### Problem statement
The whole listing, exactly as given: write it out, leaving out each image.

### Input data
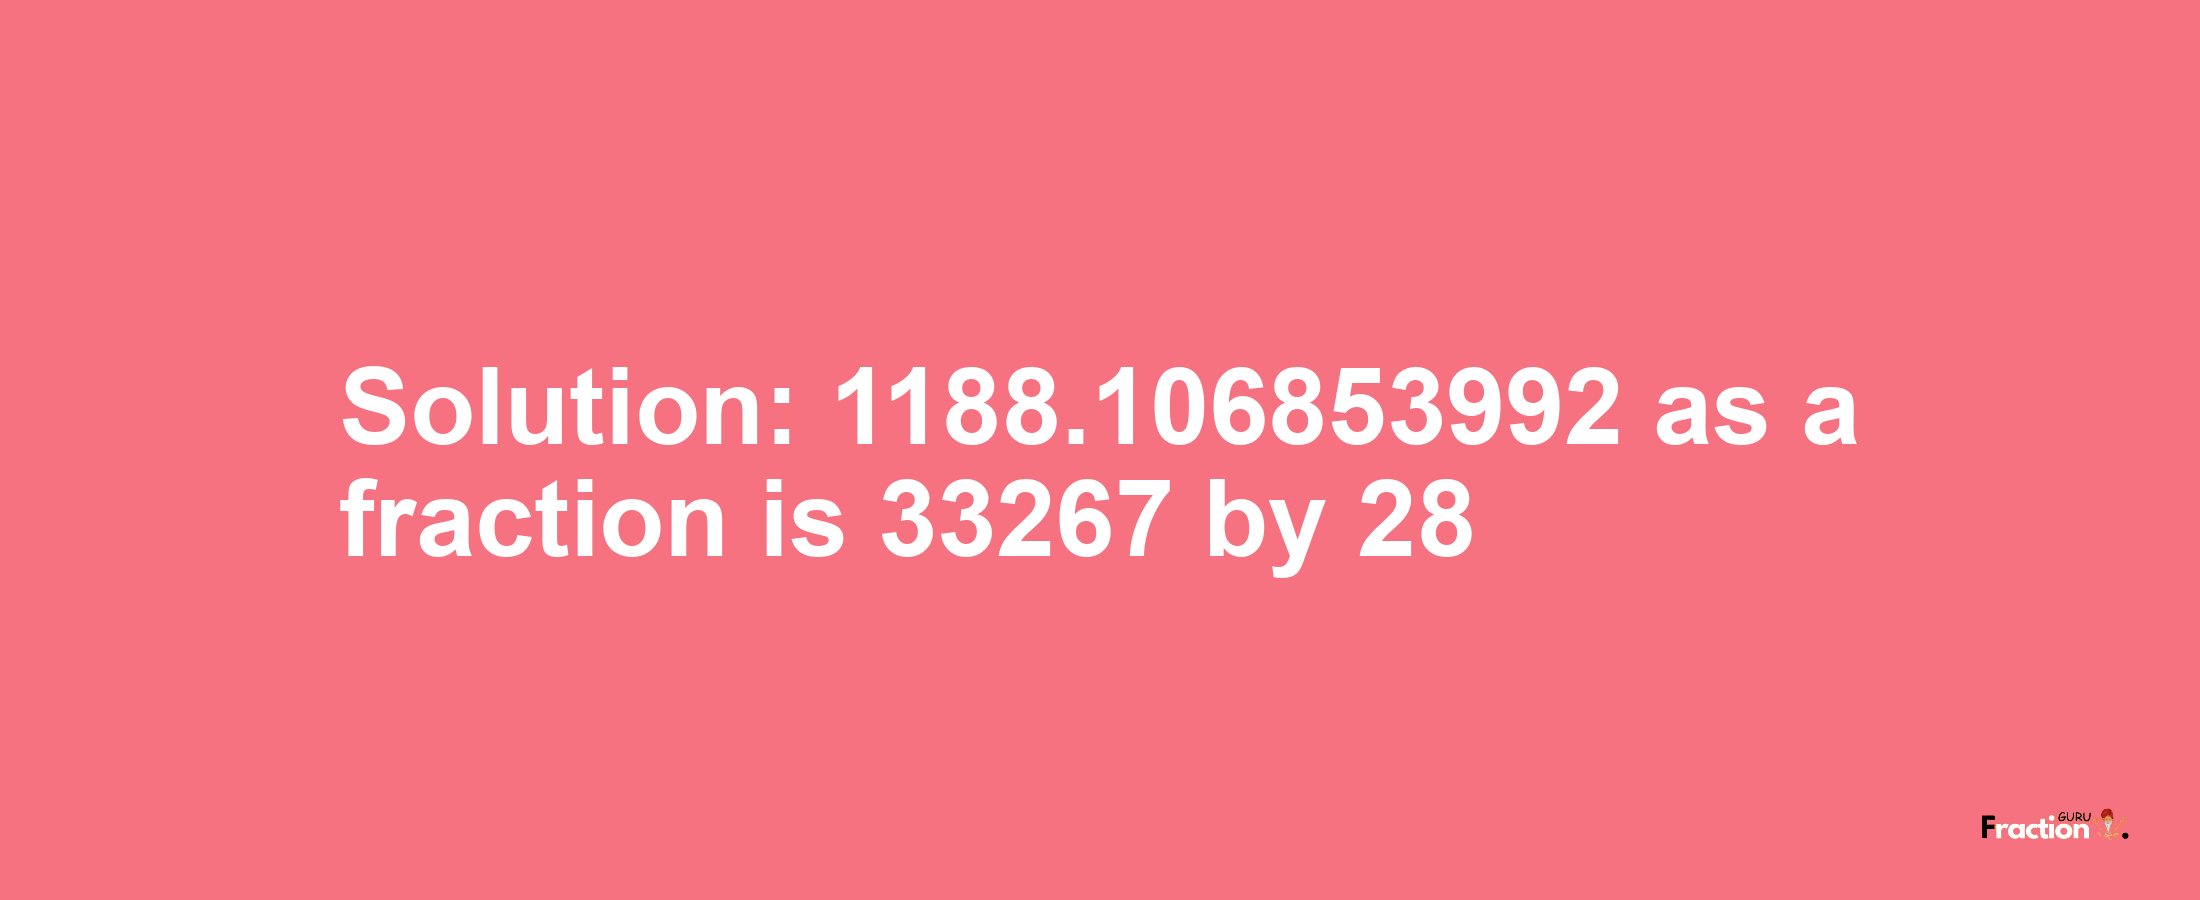 Solution:1188.106853992 as a fraction is 33267/28
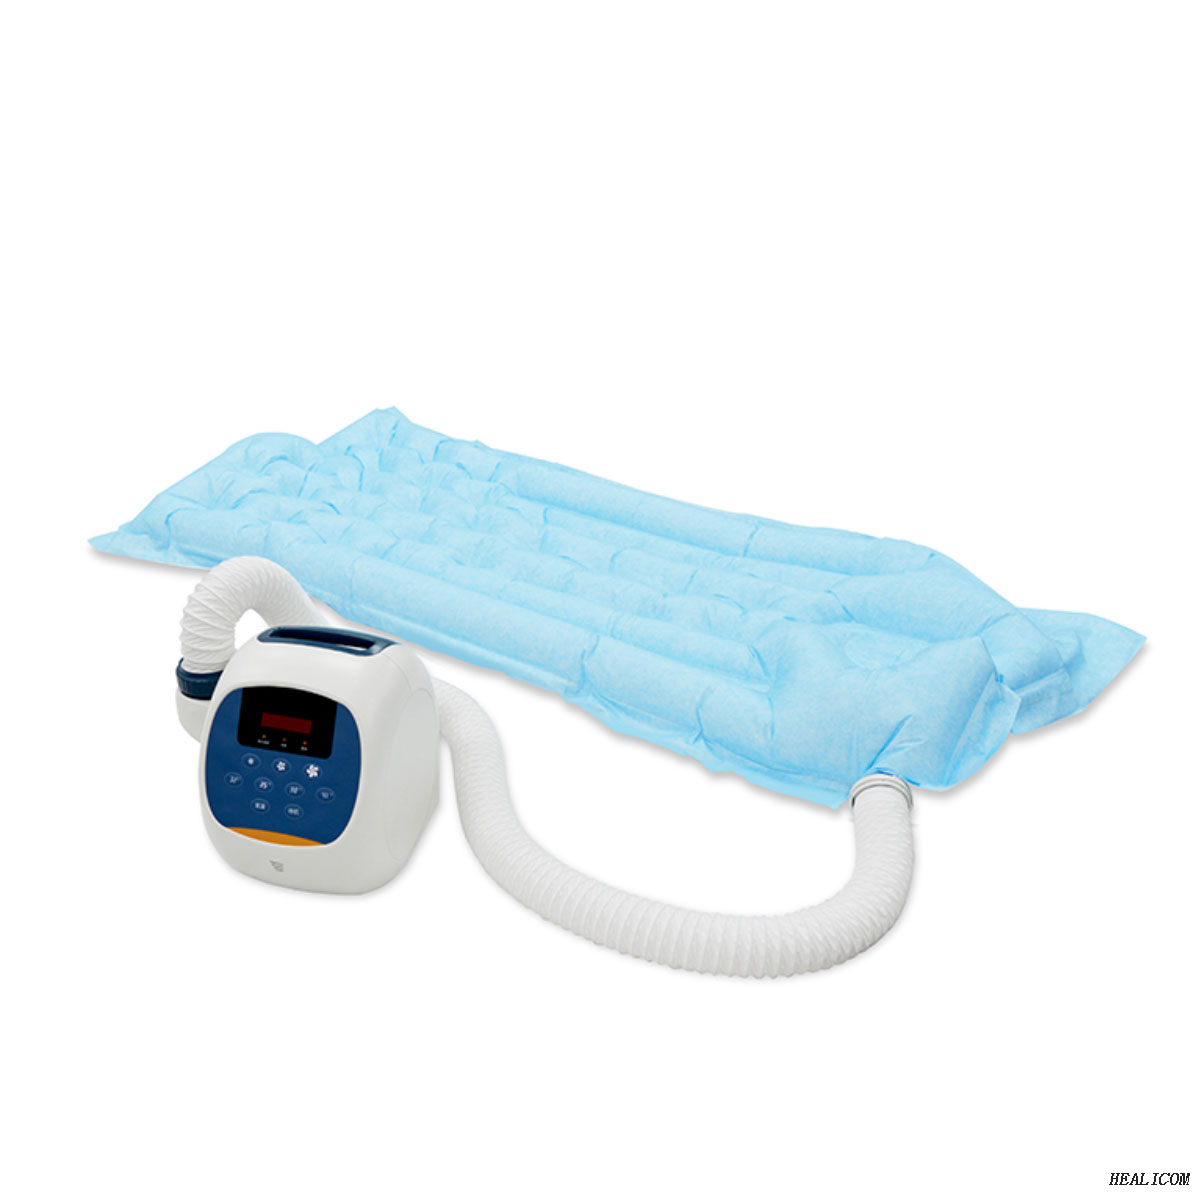 Medical HC-200 Heating Patient Warming Blankets Patient Warming Blanket
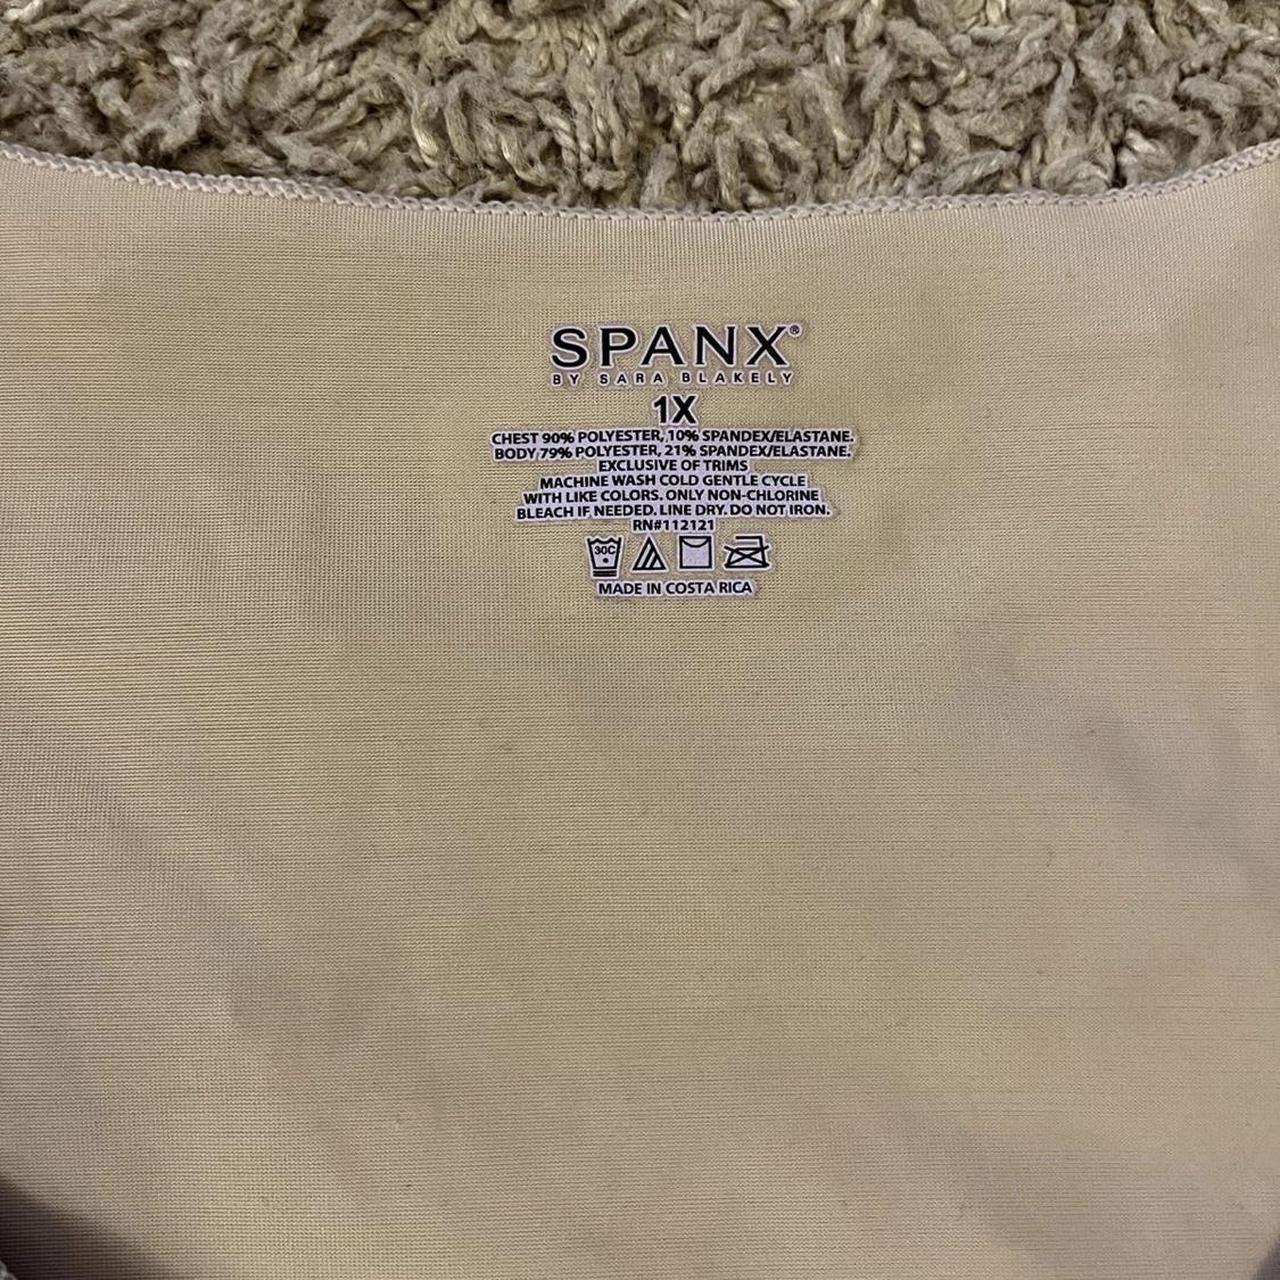 Spanx shapewear tank size 1X in good condition from - Depop
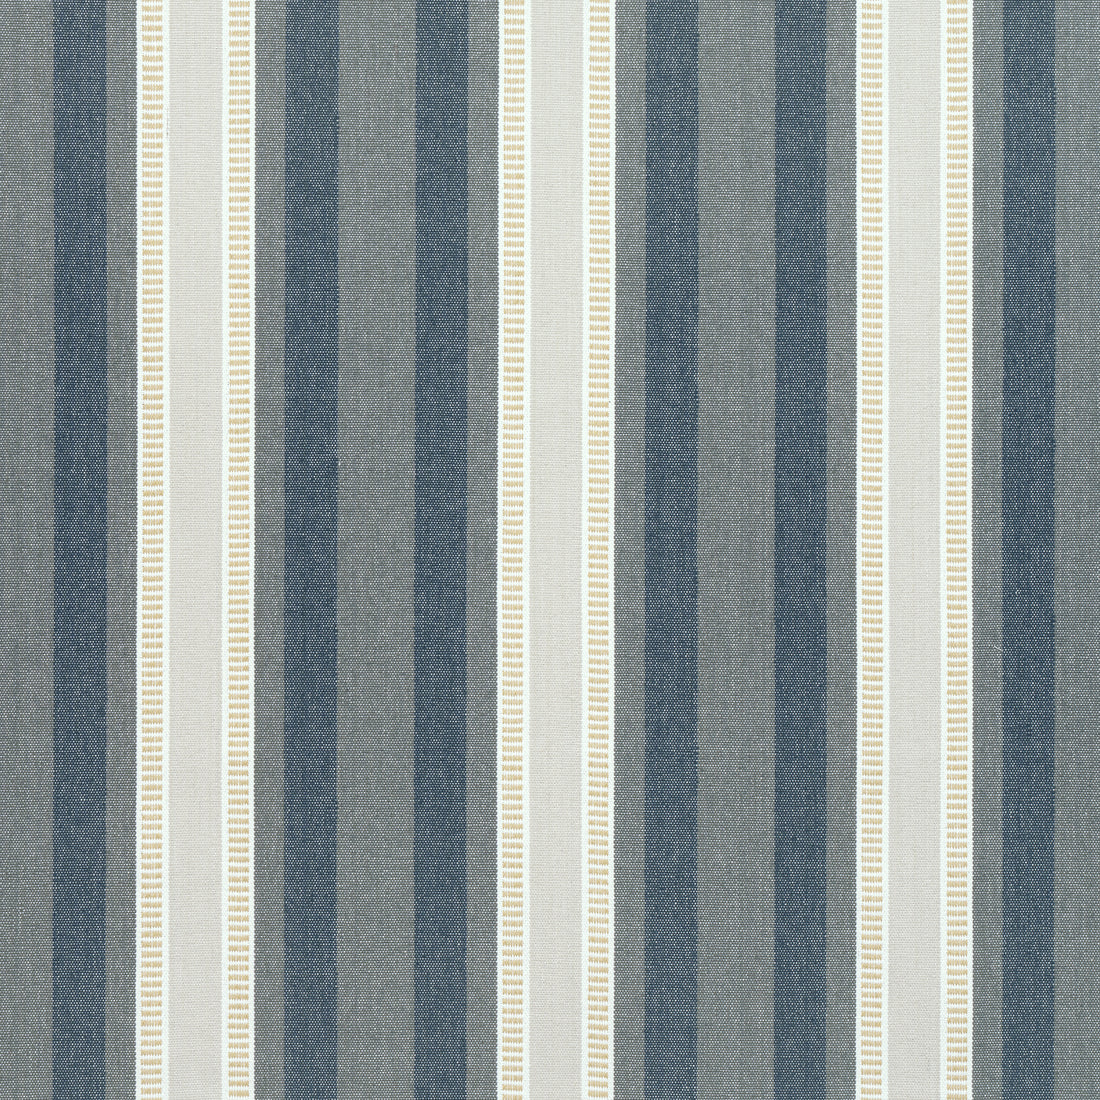 Dearden Stripe fabric in neutral color - pattern number AW23155 - by Anna French in the Willow Tree collection

### Output of the exercise
 Solution:1188.106853992 as a fraction is 33267/28
 Medical HC-200 Heating Patient Warming Blankets Patient Warming Blanket
 Spanx shapewear tank size 1X in good condition from - Depop
 Dearden Stripe fabric in neutral color - pattern number AW23155 - by Anna French in the Willow Tree collection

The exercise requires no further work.